С газетой в руках он прошел в свою комнату и сел в кресло. Но уже через десять минут отложил газету и пересел к письменному столу. Вынул из ящика зеленую папку и листы бумаги, исписанные разными цифрами и формулами. Положил перед собой. Был час ночи, когда Андриан оставил работу, аккуратно сложил бумаги и положил в ящик стола.

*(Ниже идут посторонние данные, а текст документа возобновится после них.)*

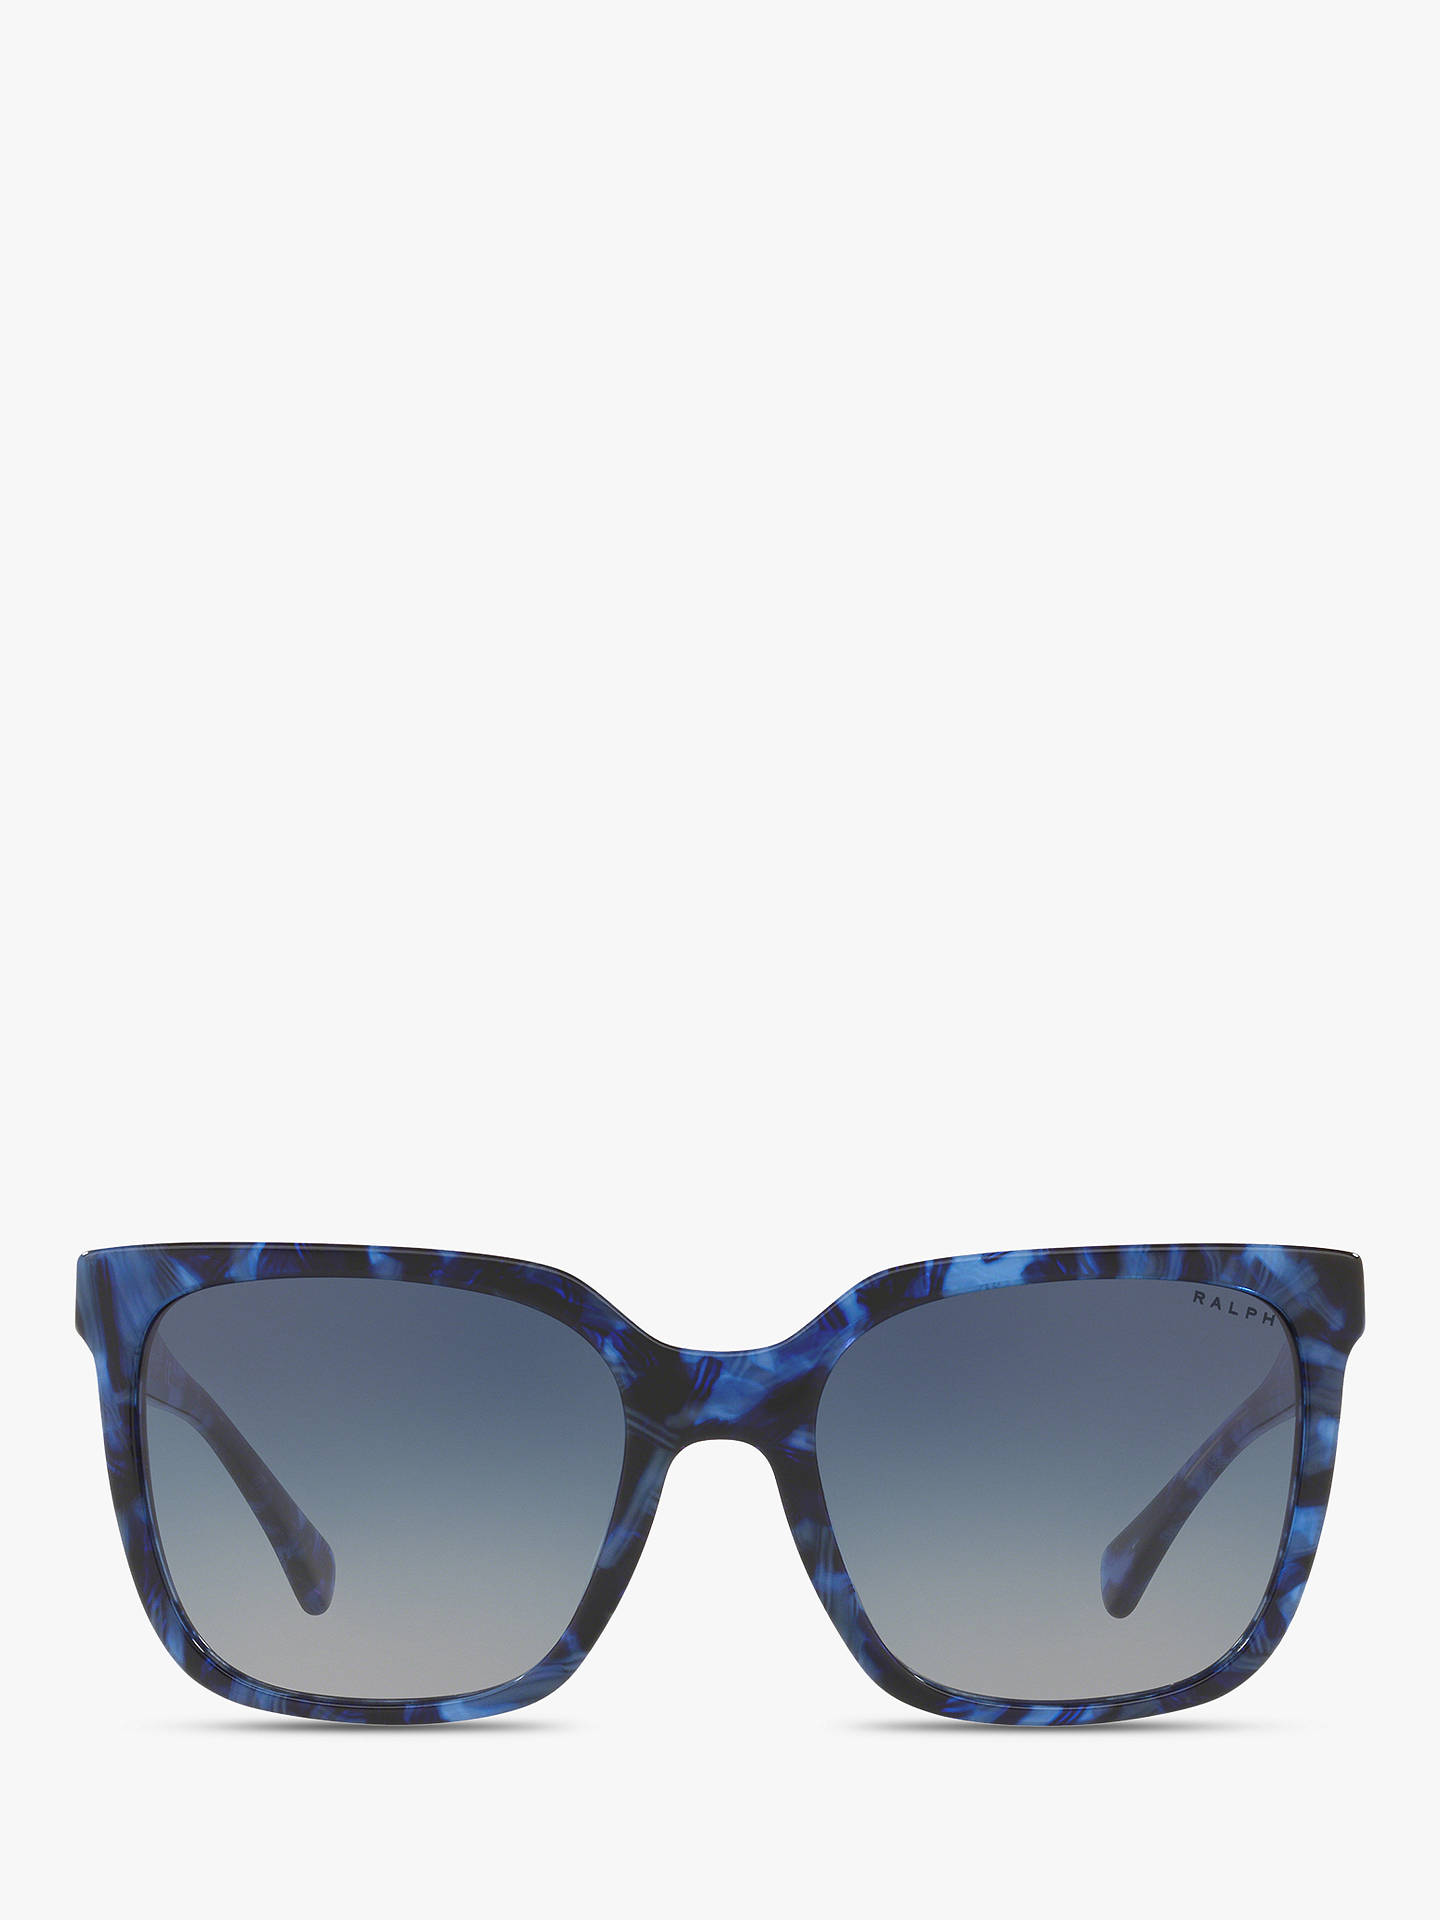 b299c2b02619 ... Buy Polo Ralph Lauren RA5251 Women's Square Sunglasses, Blue  Marble/Grey Gradient Online at ...

Старику хватало пятичасового ночного сна и часа после обеда. Правда, на собраниях, если его все-таки уговорили пойти, он, случалось, дремал. И тогда, когда его внезапно будили, бывало, сразу начинал хлопать, думая, что пришел долгожданный радостный момент расходиться по домам. Или поднимал руку в знак того, что он тоже голосует за то, что и другие. Но, может быть, это, особенно последнее, было неправдой. Может, это только выдумали и распространяли в шутку его студенты
На собраниях, что греха таить, он действительно иногда дремал. В церковь и в прежние времена не ходил. Если сестра заводила речь (правда, все реже) о всемогуществе Господа и о том, что причина и начало всего — бесконечная мудрость Господня, Андриан обычно отвечал только: «Это к моей профессии не относится. Я физик». Такие споры проходили спокойнее, чем истории с кошками. По поводу общественных дел он тоже мало что мог сказать. Семью, общественные дела и многое другое ему заменяли работа и попадавшиеся на каждом курсе несколько одаренных студентов, с которыми он охотно беседовал, которых любил. Многие из них с годами и сами стали преподавателями и учеными, обзавелись семьями, отличились на общественном поприще, словом, делали все то, на что у него не было ни времени, ни желания. А некоторые стали такими, как он: холостяками, вспыльчивыми и отходчивыми, преданными и уважаемыми жрецами науки.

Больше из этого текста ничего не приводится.